Help Yourself – Help Yourself (1971) (2017 Music On Vinyl)
Help Yourself – Help Yourself
Vinyl rip in 24 bit 196 khz | Art at 600 and 300 dpi |
24-bit 192 khz 1.37 GB |24-bit 96 khz – 714 MB |16-bit 44.1 khz – 271 MB
Original Release 1971 Liberty | 2017 Music On Vinyl MOVLP 2044 | Psychedelic Rock / Folk-rock |
Dr. Vibes’ 12 Days of Christmas – Day 8 – As a teenager in the US, I discovered Help Yourself in a second-hand record shop in the late 1980s, and thought that “Strange Affair” was their first album for the next twenty years. At the time Al Gore hadn’t invented the internet yet, and if you could find any mention of the band in music encylopedia / anthology-type books, it was as a footnote to the more famous Man band from Wales, which Help Yourself frontman Malcolm Morley joined for a while. But they had their own sound, and their own cult following in the UK. This debut album is inferior to the ones that followed it, but rare as hen’s teeth as an original pressing, so I was pretty excited when I saw that reissue label Music On Vinyl had chosen to release it.

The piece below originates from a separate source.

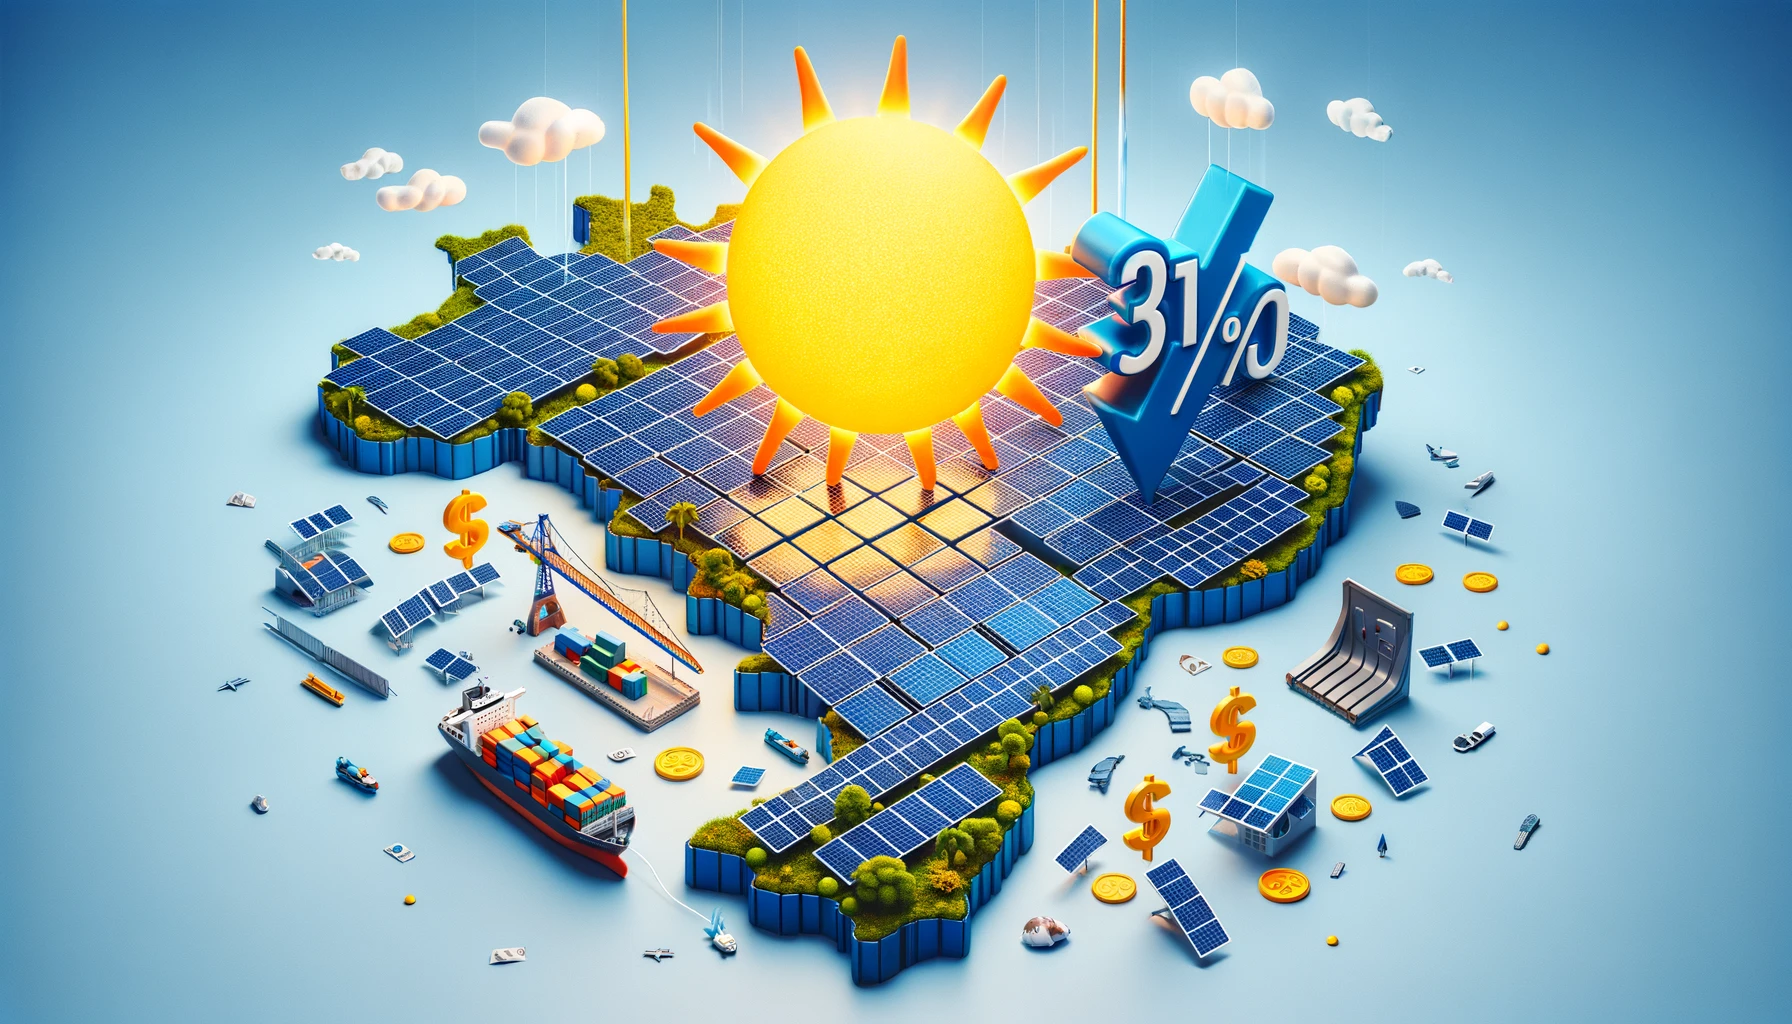 Energia solar no Brasil fica 31% mais barata em um ano, aponta Solfácil

A1 I Must See Jesus For Myself 4:00
A2 To Katherine They Fell 3:35
A3 Your Eyes Are Looking Down 4:30
A4 Old Man 6:45
B1 Look At The View 2:30
B2 Paper Leaves 3:15
B3 Running Down Deep 3:30
B4 Deborah 3:35
B5 Street Songs 5:35
Bass – Ken Whaley
Drums, Percussion, Vocals – Dave Charles
Engineer – Anton Mathews
Guitar, Keyboards, Vocals – Malcolm Morley
Guitar, Vocals, Harmonica – Richard Treece
Producer – Dave Robinson
Originally released on Liberty (LBS 83484 – UK only)
LINEAGE: Music On Vinyl MOVLP2044, unplayed vinyl; Pro-Ject RM-5SE with Audio Tecnica AT440-MLa cartridge; Speedbox power supply; Creek Audio OBH-15; Audioquest King Cobra cables; M-Audio Audiophile 192 Soundcard ; Adobe Audition at 32-bit float 192khz; clicks and pops removed with Click Repair on very light settings, manually auditioning the output; further clicks removed with Adobe Audition 3.0; dithered and resampled using iZotope RX Advanced. Converted to FLAC in either Trader’s Little Helper or dBPoweramp. Tags done with Foobar 2000 and Tag and Rename.
From a personal correspondence with Music On Vinyl, “We received and used high res audio files (96 KHZ / 24 BIT) of the original masters for the Help Yourself album.”
(continued)….. My local “dealer” / record store owner had told me that since I liked moody, meander-y, mellow-but-intense groups like Quicksilver Messenger Service and the Dead, then I would probably like Help Yourself and Man, and he was right.” I think he sold me his copy of Man’s Rhinos, Winos & Lunatics either that same day or on my next visit. The Help’s (as their fans called them) debut album was never issued on my side of the pond, so it was quite a surprise when I discovered that Strange Affair *wasn’t* their debut record. Though I couldn’t have had much anticipation for something I never knew existed, it was still a bit anti-climactic to hear it. The record is pretty good, but Morley is still finding his musical identity as a writer, and the shameless Neil Young-isms on a few tracks here are a bit cringey. I mean, they actually have a track titled “Old Man,” with a riff that sounds like it was lifted from ‘Down By The River.’ But on quite a few other tunes here, they serve up generous, um, helpings of the type of stuff that would define their style over their brief run in the next few years – melancholic rustic rock with a slightly haunted, coming-down-from-a-high psychedelic vibe. They could really layer the multiple guitars on these tunes when Morley wasn’t switching to keyboards, but they kept it mellow and un-Skynyrd. Tunes like “To Katherine They Fell,” and the closing trifecta of “Running Down Deep,” “Deborah,” and “Street Songs” are as good as anything on their subsequent albums (although Street Songs suffers from some questionable lyrics, which were never Morley’s greatest strength). The sound is quite nice on this pressing and I highly recommend picking up a copy while you still can if you like this sort of thing.
And for anyone wondering where they might have heard his name before, Malcolm Morley went on to participate in a variety of pub-rock &punk groups like Wreckless Eric, The Tyla Gang, and Ian Gomm, as well as being a part of the solo excursions from Deke Leonard of Man.